If your child is showing signs of multiple ailments, refrain from the use of multi-symptom medications. These are sometimes made up of a pain reliever and fever reducer, or a cough suppressant and sore throat remedy. The ingredients in multi-symptom remedies are commonly very strong, causing over-medication in a child.
Nonsteroidal Anti-Inflammatory Drugs (NSAIDs)
Another type of over-the-counter medication used to treat children are nonsteroidal anti-inflammatory drugs (NSAIDs). These are usually administered to reduce mild pain caused by a headache, tooth ache, ear infection or muscle soreness. Sometimes NSAIDs can also be used in treating a high fever.
Different forms of NSAIDs include ibuprofen and Tylenol. Although aspirin is an NSAID used by many adults, it is not recommended for adolescents under the age of 16. Even though NSAIDs can be purchased from a pharmacy without a doctor’s prescription, they can still cause serious harm if used incorrectly. For instance, if you administer too much or combine medications, your child may experience any number of health complications. Some side effects are normal and go away within a matter of hours such as stomach pain, headache, nausea and loss of appetite. However, side effects that require immediate medical attention include skin rash, bloody urine, unusual bleeding or bruising, and yellowing of the eyes or skin.
NSAIDs are not intended for long-term use. If your child’s condition worsens or does not get better within a few days, you should make an appointment with their physician to get it checked out.
Type 1 Diabetes Medications
Type 1 diabetes is normally diagnosed in children and young adults.

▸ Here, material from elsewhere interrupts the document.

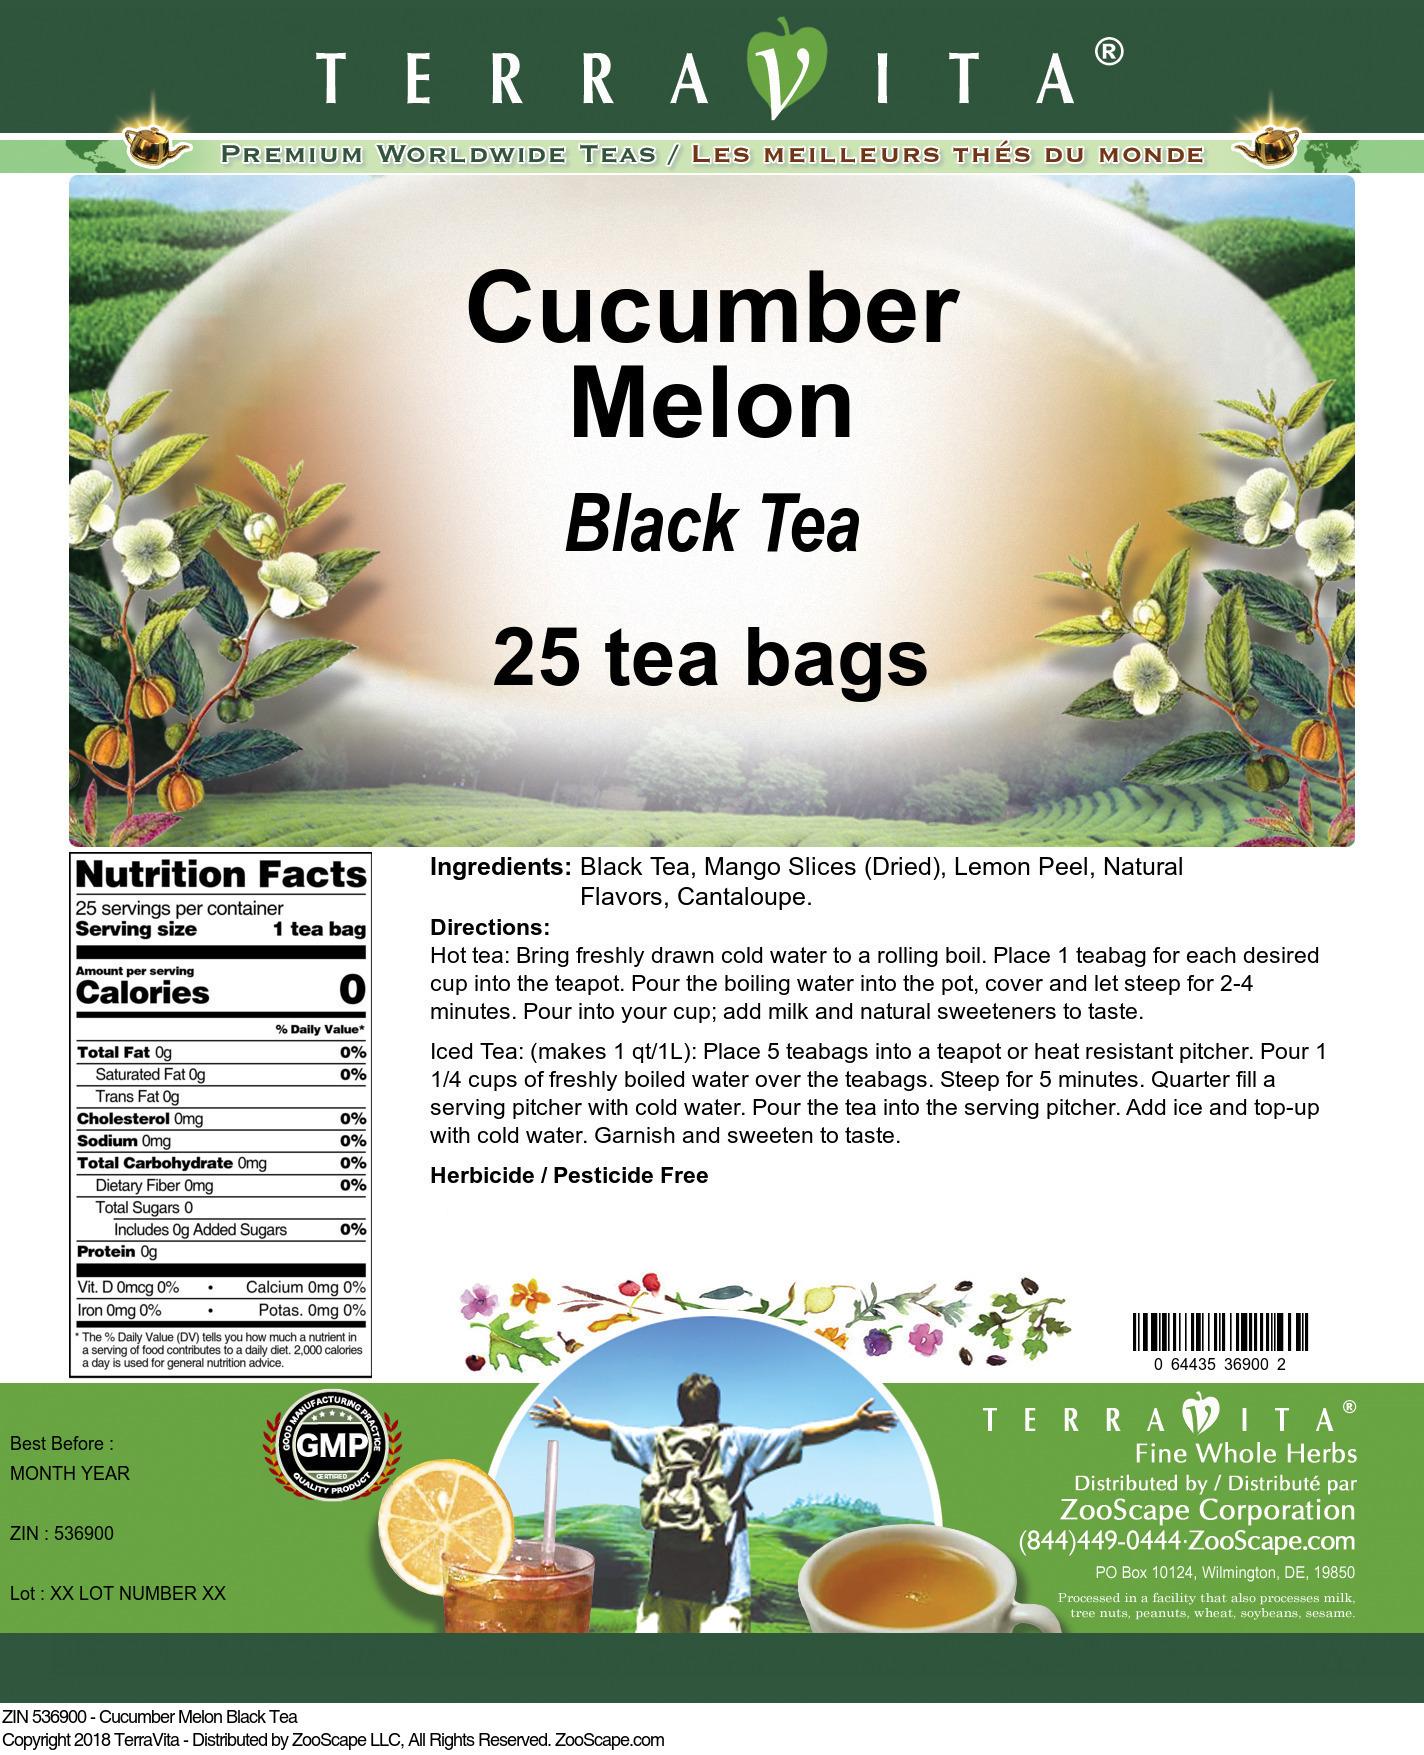 Cucumber Melon Black Tea
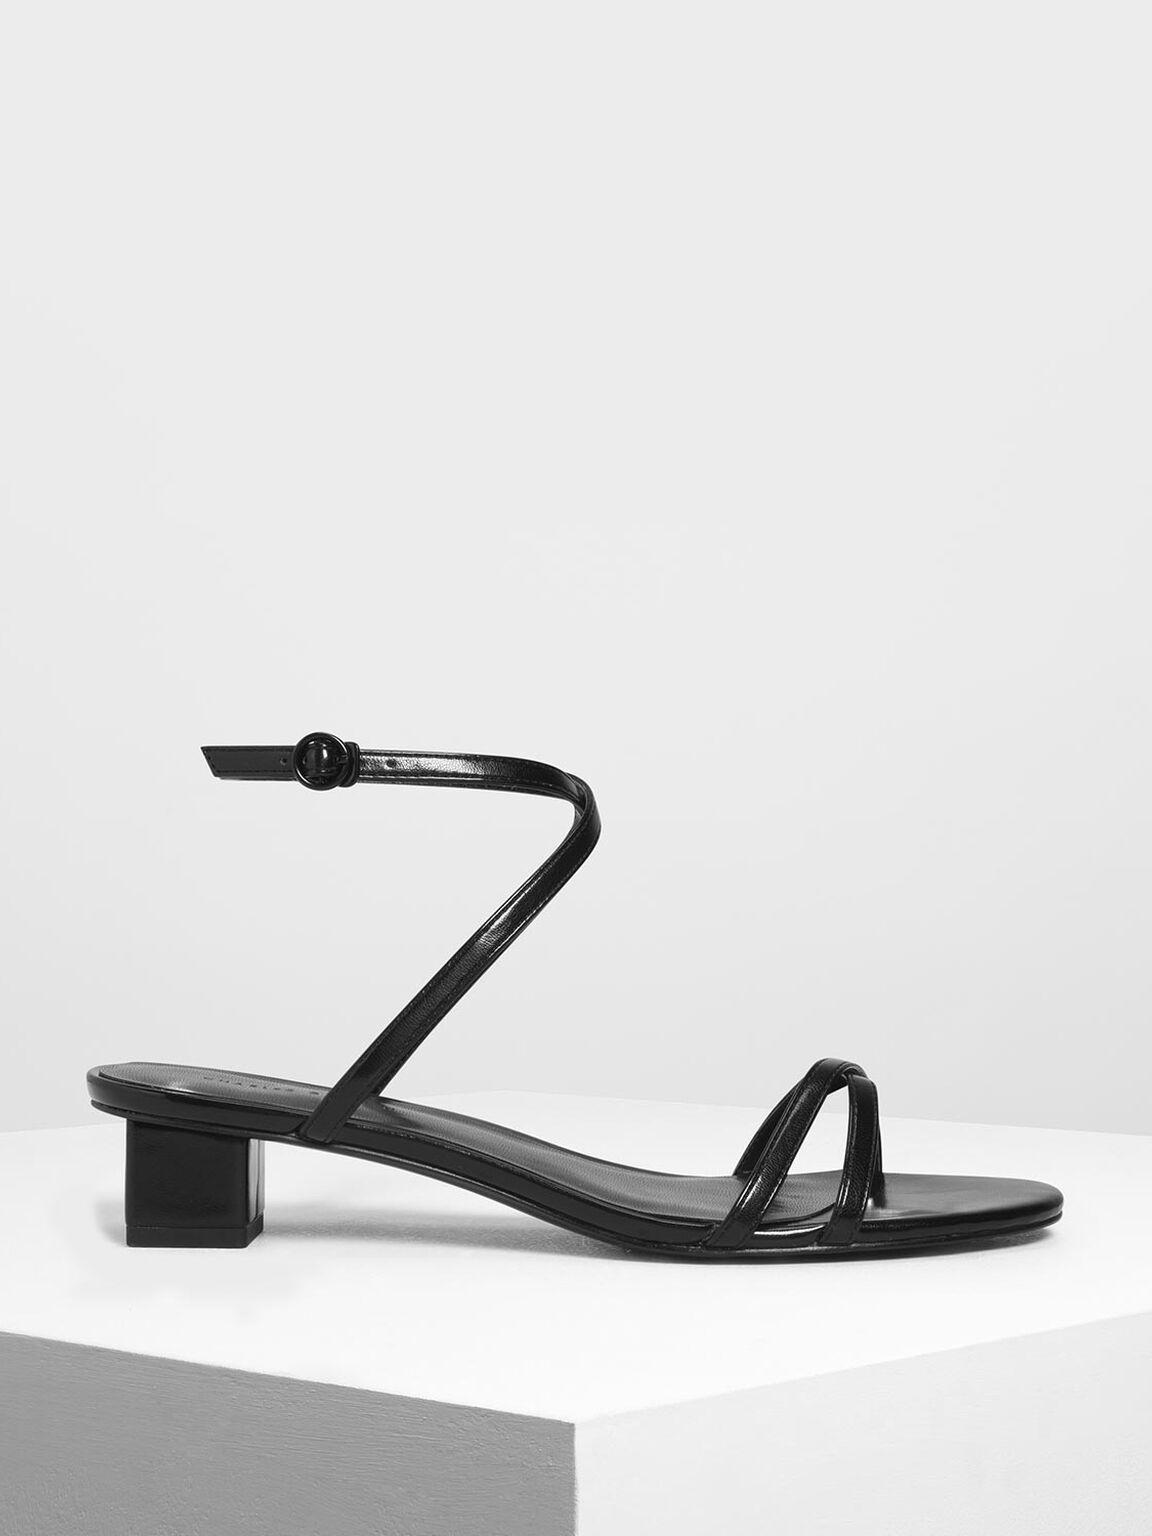 Criss Cross Low Heel Sandals, Black, hi-res

Medication and proper diet are used to help manage this condition so patients can live a normal life. Treatment may also include blood sugar monitoring and injections to make sure your child’s insulin levels are kept in check. Check with your child’s physician or diabetes educator about the best treatment plan for their health.
There are different types of medications that can help better control type 1 diabetes in children. Type 1 diabetes drugs may include pramlintide, high blood pressure medications and cholesterol-lowering drugs. While these are very effective in helping to treat type 1 diabetes, they can also come with various risk factors. For example, pramlintide’s minor side effects are nausea, tiredness and stomach pain. Though uncommon, dangerous side effects include blurred vision, seizures, puffiness around face, slurred speech and difficulty swallowing.
To avoid the dangerous health complications associated with type 1 diabetes, stay on top of your child’s treatment plan. Schedule regular follow-up doctor appointments and discuss any changes you may have noticed. Depending on your child’s reaction to the medicine, their physician may lower the dosage or prescribe a new drug.
Talcum powder, also known as baby powder, is often used to treat or prevent rashes in infants and young children. While this product can help to soothe and cool irritated skin, baby powder that contains talcum can actually put your child’s health at risk. If inhaled, this cosmetic can lead to talcum powder poisoning or cause respiratory problems in infants and young children. Symptoms of talcum powder poisoning can include:
- Throat irritation
- Eye irritation
- Decreased urination
- Blistered and/or blue skin
Exercise caution if you are using talcum-based baby powders around children. If you use a baby powder product that contains talcum, consider switching to a talc-free alternative.